Berichte des Freiwilligen Christian Streubel aus Chile
Letzter Quartalsbericht von Christian Streubel, Oktober 2008 - Chile
Einsatzort: Dios con Nosotros, Behinderteneinrichtung
Mein Dienst neigt sich dem Ende. Die letzten drei Monate läuten meine Rückkehr nach Deutschland und meinen Abschied aus Chile, aus Santiago, ein.
Wenn ich zurückblicke, blicke ich auf eine unvorstellbar schöne Zeit, auf unvergleichliche neun Monate, auf Erfahrungen, die mein Leben nicht nur bereichert, sondern vielmehr geprägt haben. Trotz einiger nicht so schöner Erlebnisse, die jedoch hauptsächlich durch das „Entleben“ aus Deutschland, dem Abstandnehmen vom Gewohnten, zu tun haben, bin ich im Allgemeinen mehr als nur zufrieden mit meiner bisherigen Zeit in Südamerika.

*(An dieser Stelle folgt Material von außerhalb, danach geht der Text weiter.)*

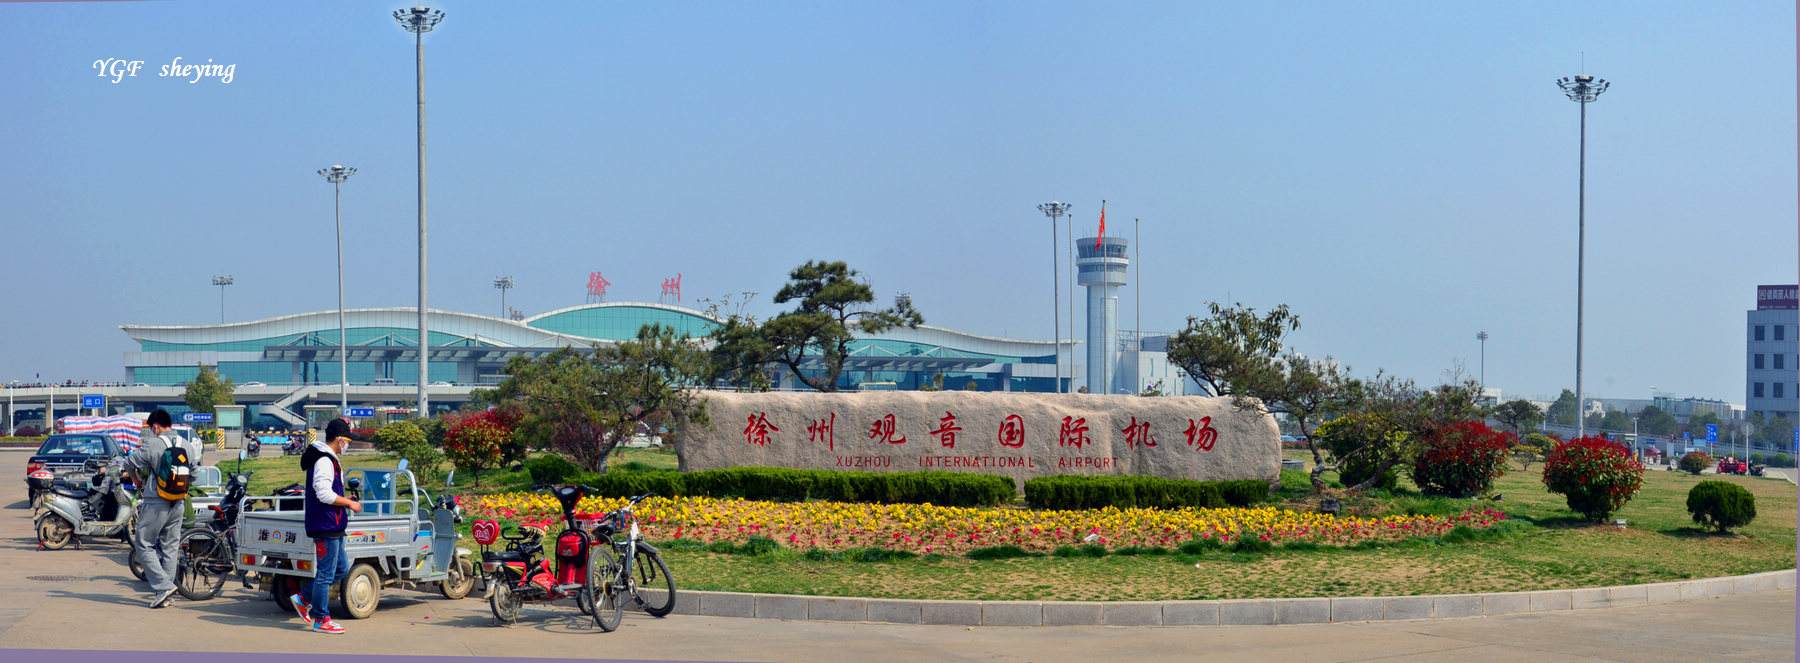 江苏徐州空港经济开发区

Ich bin dankbar, diese Möglichkeit bekommen zu haben. Wenn ich an Chile denke, dann denke ich an viele neu entstandene Freundschaften, an ein neues Lebensgefühl, an soziale und finanzielle Armut, an „meine“ Población, an meine WG, meine Mitbewohner, daran, dass Wohlstand, in der Form wie man in in Deutschland genießen darf, einfach ein Luxusgut ist. Ich freue mich wahnsinnig, barfuß durch mein Haus gehen zu können, ohne danach schwarze dreckige Füße zu haben. Dass nenne ich auch Luxus. Ich bin dankbar, dass ich einen Einblick in diese „fremde Welt“ bekommen konnte, die man so wahnsinnig schnell zu schätzen lernt.
Ich denke an unseren kleinen Almacen (Minimarket), daran, dass man Wasserkocher und estufa (kleine elektrische Heizung) niemals gleichzeitig anschließen darf, da sonst die Sicherung rausfliegt. Ich denke an „meine“ jovenes. An all die Mauras, die Leos, Helens, Connys und Alonsos. An meine Tía, die mir meinen Einstieg in Chile, in eine vollkommen fremde Kultur mit all ihren Sitten und Bräuchen, unglaublich erleichtert hat.
Mit Südamerika verbinde ich eine mir bisher unbekannte Form von Herzlichkeit, Offenheit und Freundlichkeit. Einer Mentalität, die mir einfach Spaß an meinem Leben hier gemacht hat und weiterhin macht.
All die Menschen, die ich hier bereits kennengelernt habe, meine „chilenische Familie“, bei der mir immer die Tür offenstand und weiterhin jederzeit offenstehen wird. Es sind Freundschaften und Kontakte entstanden, die weit über Chile, die weit über das bevorstehende Ende meines Dienstes, hinausgehen werden.
Ich bin froh, dass ich die Möglichkeit hatte, nach acht Monaten meine Mum wiederzusehen. In zwei Wochen Chile-Urlaub habe ich versucht, ihr mein neues Leben zu zeigen, mit all den Schattenseiten, aber vor allem, mit all dem „Reichtum“, den es zu bieten hat.
Abschließend kann ich nur sagen, dass ich bis jetzt jeden Tag in Chile genossen habe und jeden mir noch bleibenden Tag genießen werde.